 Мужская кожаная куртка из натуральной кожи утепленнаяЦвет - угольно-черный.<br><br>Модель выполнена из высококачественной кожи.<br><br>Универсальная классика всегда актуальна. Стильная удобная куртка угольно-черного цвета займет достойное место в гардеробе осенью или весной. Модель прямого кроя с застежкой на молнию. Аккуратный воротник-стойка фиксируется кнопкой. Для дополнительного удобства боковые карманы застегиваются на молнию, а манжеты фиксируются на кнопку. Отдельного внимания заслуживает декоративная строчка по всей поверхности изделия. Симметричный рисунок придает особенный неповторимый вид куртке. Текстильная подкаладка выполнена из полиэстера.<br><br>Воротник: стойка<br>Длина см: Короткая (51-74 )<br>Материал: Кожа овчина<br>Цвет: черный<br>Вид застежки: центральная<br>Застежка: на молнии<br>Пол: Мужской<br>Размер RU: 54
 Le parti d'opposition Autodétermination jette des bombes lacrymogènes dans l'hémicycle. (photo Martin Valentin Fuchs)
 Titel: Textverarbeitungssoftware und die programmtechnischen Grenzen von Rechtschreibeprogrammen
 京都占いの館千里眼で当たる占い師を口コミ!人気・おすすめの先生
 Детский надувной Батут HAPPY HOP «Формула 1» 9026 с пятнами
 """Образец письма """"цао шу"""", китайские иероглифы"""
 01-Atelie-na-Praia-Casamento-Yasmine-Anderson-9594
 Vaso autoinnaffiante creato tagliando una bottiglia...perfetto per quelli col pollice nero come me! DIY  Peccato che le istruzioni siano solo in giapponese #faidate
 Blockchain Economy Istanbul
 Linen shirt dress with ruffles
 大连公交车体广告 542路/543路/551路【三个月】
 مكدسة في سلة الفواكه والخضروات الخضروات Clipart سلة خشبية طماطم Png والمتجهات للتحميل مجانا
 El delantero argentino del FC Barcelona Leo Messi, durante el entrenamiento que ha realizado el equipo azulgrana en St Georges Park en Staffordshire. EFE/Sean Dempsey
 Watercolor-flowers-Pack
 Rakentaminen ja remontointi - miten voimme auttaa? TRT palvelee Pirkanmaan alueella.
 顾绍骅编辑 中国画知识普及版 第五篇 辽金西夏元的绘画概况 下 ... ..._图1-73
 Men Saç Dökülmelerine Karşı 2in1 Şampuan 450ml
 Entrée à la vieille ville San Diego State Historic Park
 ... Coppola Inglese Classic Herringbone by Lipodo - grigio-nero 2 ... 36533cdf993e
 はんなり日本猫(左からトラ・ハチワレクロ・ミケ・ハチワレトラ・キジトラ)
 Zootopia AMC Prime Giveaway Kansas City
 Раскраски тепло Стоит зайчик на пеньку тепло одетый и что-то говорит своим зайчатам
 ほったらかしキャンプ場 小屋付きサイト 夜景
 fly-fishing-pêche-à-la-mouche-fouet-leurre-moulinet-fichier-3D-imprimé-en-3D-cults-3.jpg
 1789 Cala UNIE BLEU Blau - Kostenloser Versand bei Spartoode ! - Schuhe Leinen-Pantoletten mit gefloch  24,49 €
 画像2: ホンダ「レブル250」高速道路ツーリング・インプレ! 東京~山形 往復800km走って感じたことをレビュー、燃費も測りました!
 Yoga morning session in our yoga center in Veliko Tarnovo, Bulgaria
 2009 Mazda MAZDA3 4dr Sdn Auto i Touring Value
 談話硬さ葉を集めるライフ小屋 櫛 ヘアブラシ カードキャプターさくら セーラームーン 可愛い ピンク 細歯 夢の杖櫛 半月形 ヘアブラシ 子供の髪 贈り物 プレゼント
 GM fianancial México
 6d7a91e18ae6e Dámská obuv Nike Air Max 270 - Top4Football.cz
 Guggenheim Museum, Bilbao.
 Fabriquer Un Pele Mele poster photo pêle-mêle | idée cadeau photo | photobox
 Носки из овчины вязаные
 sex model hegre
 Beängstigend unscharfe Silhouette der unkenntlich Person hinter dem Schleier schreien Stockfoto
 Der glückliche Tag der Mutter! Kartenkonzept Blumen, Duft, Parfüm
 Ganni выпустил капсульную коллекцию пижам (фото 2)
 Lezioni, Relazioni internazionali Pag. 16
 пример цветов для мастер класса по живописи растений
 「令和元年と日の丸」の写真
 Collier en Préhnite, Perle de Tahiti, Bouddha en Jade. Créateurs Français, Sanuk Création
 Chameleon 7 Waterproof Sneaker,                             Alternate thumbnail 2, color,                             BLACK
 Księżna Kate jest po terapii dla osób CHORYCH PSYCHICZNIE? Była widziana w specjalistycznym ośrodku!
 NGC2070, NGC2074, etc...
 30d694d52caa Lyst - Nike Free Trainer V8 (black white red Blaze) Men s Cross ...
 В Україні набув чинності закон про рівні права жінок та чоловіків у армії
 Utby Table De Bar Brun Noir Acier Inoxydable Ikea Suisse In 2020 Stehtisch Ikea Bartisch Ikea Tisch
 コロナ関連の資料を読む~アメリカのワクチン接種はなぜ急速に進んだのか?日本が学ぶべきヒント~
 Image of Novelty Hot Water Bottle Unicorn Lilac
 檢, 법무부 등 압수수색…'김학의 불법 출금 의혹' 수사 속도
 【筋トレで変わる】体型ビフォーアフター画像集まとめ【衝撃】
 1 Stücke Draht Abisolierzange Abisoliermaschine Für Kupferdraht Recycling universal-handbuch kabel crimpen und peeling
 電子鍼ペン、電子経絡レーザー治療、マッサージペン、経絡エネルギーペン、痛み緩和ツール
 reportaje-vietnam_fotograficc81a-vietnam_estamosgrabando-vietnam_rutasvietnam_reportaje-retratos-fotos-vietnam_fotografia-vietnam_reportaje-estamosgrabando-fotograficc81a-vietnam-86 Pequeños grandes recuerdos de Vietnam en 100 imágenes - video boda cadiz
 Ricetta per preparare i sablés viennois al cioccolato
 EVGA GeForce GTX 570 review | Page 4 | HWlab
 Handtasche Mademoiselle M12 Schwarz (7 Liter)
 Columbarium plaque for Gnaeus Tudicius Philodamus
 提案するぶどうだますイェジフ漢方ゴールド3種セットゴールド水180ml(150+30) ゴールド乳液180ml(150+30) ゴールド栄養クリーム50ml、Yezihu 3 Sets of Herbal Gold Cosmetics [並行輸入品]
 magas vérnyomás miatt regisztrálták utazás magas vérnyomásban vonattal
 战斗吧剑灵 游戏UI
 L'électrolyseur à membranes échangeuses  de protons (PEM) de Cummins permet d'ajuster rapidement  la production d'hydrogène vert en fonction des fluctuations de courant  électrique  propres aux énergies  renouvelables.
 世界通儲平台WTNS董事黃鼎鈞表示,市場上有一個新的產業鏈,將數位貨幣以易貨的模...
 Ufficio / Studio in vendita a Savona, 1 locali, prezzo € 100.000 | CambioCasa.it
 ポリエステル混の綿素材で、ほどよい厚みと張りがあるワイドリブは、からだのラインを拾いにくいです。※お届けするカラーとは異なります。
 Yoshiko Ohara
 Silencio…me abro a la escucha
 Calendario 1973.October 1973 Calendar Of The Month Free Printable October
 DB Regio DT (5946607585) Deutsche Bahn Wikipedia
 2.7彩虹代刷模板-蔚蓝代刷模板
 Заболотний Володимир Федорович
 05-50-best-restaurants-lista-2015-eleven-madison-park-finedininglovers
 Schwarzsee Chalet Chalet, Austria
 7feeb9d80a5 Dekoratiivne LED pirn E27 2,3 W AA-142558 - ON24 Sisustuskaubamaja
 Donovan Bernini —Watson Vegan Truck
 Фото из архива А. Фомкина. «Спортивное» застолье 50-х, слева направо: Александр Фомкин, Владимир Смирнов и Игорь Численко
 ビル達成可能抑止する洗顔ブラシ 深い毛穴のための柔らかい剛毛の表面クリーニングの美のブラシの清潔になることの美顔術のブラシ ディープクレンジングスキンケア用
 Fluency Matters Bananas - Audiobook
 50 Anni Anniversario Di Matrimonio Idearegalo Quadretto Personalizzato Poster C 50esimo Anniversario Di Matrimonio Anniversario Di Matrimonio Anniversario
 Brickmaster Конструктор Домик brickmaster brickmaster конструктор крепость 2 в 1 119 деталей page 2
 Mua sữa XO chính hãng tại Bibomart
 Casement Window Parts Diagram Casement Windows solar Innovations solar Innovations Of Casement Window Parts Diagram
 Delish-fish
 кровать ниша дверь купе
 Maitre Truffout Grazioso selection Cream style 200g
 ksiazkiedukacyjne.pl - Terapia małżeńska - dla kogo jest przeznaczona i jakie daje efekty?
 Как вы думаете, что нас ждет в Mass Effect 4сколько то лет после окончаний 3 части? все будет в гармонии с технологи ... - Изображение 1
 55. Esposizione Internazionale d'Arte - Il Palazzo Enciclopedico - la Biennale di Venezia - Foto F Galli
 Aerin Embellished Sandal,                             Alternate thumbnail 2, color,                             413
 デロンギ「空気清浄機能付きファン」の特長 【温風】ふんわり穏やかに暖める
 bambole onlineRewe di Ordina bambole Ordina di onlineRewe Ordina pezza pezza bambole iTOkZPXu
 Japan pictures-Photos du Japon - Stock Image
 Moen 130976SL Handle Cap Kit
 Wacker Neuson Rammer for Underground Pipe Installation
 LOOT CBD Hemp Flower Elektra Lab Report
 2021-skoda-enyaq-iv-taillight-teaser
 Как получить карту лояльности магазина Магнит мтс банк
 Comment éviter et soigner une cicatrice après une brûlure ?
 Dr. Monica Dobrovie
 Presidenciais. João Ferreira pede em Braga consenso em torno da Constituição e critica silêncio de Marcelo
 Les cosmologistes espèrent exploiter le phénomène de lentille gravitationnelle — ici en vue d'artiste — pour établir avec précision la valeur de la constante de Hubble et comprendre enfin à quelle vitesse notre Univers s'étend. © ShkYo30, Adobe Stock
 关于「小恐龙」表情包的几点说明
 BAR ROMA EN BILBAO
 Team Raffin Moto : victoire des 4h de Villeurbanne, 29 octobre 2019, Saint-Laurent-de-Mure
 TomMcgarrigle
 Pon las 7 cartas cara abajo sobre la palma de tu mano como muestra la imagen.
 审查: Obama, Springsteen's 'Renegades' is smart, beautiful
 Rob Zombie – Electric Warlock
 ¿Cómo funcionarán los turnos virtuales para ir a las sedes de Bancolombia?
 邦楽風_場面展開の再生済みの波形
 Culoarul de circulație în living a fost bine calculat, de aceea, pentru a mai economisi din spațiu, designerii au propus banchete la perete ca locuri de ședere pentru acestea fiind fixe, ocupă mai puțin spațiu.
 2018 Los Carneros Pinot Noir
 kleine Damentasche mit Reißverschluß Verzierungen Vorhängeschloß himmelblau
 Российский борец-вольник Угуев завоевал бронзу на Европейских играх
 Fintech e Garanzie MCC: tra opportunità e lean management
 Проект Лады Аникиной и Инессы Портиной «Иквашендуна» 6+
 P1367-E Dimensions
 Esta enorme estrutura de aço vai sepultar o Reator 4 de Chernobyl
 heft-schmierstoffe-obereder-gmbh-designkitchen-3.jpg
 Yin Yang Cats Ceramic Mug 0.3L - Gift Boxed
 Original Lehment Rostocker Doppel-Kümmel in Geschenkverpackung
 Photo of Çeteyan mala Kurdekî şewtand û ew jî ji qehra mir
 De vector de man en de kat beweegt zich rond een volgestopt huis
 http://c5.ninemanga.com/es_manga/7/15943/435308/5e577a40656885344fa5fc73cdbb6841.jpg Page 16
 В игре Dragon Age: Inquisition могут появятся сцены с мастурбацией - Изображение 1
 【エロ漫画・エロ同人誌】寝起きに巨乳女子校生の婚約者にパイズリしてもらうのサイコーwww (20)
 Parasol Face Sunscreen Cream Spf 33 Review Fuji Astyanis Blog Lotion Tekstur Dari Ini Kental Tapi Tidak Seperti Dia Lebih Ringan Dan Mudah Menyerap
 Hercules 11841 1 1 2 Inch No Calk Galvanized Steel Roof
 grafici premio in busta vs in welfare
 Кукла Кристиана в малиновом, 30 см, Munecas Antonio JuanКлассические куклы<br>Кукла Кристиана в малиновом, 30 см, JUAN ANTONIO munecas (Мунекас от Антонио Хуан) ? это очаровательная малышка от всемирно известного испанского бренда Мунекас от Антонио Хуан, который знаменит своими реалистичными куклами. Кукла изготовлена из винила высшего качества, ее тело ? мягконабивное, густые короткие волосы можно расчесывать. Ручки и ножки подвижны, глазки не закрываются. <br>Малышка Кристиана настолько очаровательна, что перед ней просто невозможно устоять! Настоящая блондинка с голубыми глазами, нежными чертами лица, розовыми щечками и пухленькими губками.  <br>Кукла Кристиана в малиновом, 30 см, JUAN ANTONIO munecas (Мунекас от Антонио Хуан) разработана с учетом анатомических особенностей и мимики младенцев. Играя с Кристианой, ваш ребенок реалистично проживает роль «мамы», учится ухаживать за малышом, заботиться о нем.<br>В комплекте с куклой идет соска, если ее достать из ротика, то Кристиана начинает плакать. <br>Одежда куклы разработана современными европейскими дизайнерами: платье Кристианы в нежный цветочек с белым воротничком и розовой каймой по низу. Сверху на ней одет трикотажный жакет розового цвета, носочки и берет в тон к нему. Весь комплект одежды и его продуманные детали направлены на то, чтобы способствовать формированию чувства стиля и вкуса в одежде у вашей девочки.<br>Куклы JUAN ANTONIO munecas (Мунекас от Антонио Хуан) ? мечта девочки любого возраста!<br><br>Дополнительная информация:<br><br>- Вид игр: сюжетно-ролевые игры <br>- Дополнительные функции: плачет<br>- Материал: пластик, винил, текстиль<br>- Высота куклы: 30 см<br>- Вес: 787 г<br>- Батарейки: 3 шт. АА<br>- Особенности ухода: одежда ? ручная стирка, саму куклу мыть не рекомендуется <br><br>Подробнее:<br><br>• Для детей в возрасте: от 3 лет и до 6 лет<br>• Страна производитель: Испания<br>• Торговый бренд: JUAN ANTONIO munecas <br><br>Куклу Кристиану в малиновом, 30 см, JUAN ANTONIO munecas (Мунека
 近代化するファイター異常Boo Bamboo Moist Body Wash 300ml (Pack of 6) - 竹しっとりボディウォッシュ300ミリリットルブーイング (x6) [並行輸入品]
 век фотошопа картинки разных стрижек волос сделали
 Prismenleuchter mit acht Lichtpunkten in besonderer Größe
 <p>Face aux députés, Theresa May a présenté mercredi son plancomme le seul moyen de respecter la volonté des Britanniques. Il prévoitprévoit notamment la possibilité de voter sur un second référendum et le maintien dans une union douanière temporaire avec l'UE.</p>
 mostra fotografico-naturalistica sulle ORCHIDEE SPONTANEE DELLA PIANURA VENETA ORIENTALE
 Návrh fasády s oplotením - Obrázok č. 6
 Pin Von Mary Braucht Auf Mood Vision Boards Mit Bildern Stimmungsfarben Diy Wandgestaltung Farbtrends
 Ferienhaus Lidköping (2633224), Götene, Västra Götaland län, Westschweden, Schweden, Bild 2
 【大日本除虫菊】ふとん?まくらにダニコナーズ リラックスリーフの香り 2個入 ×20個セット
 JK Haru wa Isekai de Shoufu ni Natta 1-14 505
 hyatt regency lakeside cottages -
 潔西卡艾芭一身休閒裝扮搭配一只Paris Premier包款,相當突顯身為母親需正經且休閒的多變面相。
.....
# [REQUIREMENT]
Reproduce exactly, and with no other material, the lines between those holding "Yoshiko Ohara" and "Wacker Neuson Rammer", inclusive.

# [OUTPUT BELOW]
 Yoshiko Ohara
 Silencio…me abro a la escucha
 Calendario 1973.October 1973 Calendar Of The Month Free Printable October
 DB Regio DT (5946607585) Deutsche Bahn Wikipedia
 2.7彩虹代刷模板-蔚蓝代刷模板
 Заболотний Володимир Федорович
 05-50-best-restaurants-lista-2015-eleven-madison-park-finedininglovers
 Schwarzsee Chalet Chalet, Austria
 7feeb9d80a5 Dekoratiivne LED pirn E27 2,3 W AA-142558 - ON24 Sisustuskaubamaja
 Donovan Bernini —Watson Vegan Truck
 Фото из архива А. Фомкина. «Спортивное» застолье 50-х, слева направо: Александр Фомкин, Владимир Смирнов и Игорь Численко
 ビル達成可能抑止する洗顔ブラシ 深い毛穴のための柔らかい剛毛の表面クリーニングの美のブラシの清潔になることの美顔術のブラシ ディープクレンジングスキンケア用
 Fluency Matters Bananas - Audiobook
 50 Anni Anniversario Di Matrimonio Idearegalo Quadretto Personalizzato Poster C 50esimo Anniversario Di Matrimonio Anniversario Di Matrimonio Anniversario
 Brickmaster Конструктор Домик brickmaster brickmaster конструктор крепость 2 в 1 119 деталей page 2
 Mua sữa XO chính hãng tại Bibomart
 Casement Window Parts Diagram Casement Windows solar Innovations solar Innovations Of Casement Window Parts Diagram
 Delish-fish
 кровать ниша дверь купе
 Maitre Truffout Grazioso selection Cream style 200g
 ksiazkiedukacyjne.pl - Terapia małżeńska - dla kogo jest przeznaczona i jakie daje efekty?
 Как вы думаете, что нас ждет в Mass Effect 4сколько то лет после окончаний 3 части? все будет в гармонии с технологи ... - Изображение 1
 55. Esposizione Internazionale d'Arte - Il Palazzo Enciclopedico - la Biennale di Venezia - Foto F Galli
 Aerin Embellished Sandal,                             Alternate thumbnail 2, color,                             413
 デロンギ「空気清浄機能付きファン」の特長 【温風】ふんわり穏やかに暖める
 bambole onlineRewe di Ordina bambole Ordina di onlineRewe Ordina pezza pezza bambole iTOkZPXu
 Japan pictures-Photos du Japon - Stock Image
 Moen 130976SL Handle Cap Kit
 Wacker Neuson Rammer for Underground Pipe Installation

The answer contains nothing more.